**What you should do:** Of the lines in the data below, write out exactly those from the one holding "Flora Torba Yellow/Blue Vase" through the one holding "Superbe paire de", both included.

Items from a data source:
──────

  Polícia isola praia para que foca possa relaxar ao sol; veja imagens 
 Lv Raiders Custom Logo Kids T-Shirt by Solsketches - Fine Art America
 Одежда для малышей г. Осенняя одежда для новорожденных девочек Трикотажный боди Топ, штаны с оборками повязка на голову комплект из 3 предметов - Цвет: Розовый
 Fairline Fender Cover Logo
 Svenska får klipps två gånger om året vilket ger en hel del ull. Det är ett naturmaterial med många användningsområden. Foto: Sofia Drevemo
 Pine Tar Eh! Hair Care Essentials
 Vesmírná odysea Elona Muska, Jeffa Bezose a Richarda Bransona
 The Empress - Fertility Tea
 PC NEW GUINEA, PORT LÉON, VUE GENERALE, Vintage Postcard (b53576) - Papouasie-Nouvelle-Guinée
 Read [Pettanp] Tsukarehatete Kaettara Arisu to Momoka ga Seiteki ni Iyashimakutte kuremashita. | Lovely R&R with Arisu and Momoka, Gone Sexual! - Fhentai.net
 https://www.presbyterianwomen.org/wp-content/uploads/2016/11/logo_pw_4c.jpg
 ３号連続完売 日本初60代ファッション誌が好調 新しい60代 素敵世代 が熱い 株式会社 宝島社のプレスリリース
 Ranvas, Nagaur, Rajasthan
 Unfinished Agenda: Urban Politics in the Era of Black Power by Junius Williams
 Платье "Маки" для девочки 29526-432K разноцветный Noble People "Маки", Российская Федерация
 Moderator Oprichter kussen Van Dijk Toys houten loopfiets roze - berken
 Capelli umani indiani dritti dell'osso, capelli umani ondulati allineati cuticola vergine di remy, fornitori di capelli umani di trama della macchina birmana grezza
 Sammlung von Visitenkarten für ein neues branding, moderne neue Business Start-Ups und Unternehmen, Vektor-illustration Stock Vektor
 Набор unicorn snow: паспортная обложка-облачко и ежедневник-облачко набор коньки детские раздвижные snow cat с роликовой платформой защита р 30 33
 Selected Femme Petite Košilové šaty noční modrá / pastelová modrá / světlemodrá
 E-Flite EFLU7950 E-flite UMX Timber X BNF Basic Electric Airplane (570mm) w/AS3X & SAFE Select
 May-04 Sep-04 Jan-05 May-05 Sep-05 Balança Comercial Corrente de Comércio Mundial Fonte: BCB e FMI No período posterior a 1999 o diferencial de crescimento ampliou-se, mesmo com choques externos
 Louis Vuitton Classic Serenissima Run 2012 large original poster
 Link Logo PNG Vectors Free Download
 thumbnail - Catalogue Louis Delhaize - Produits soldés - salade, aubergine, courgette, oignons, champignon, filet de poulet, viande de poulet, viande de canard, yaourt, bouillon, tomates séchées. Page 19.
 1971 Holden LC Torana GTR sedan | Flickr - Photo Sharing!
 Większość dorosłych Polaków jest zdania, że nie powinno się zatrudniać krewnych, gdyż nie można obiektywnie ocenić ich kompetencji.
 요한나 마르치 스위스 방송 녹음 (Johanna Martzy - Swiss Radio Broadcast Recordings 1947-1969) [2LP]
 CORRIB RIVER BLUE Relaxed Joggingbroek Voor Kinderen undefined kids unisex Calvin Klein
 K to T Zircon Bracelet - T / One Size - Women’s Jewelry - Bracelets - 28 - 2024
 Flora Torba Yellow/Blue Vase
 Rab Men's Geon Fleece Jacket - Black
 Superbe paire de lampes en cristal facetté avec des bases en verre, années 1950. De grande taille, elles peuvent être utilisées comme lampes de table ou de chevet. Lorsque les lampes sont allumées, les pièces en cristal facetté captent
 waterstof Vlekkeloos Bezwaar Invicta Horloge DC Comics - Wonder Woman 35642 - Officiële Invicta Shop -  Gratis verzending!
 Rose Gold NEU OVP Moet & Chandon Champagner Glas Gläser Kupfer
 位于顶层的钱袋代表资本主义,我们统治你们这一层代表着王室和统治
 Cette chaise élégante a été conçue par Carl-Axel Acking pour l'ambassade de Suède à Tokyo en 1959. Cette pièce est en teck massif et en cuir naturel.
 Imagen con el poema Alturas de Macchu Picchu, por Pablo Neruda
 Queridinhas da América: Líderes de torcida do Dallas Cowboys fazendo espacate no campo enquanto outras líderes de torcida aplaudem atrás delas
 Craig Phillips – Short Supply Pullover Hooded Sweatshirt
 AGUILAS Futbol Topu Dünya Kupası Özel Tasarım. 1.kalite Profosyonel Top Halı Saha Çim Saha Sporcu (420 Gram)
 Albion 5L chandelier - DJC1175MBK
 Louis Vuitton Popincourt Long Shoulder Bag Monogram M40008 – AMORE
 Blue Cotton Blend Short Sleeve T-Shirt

──────

**Task answer:**
 Flora Torba Yellow/Blue Vase
 Rab Men's Geon Fleece Jacket - Black
 Superbe paire de lampes en cristal facetté avec des bases en verre, années 1950. De grande taille, elles peuvent être utilisées comme lampes de table ou de chevet. Lorsque les lampes sont allumées, les pièces en cristal facetté captent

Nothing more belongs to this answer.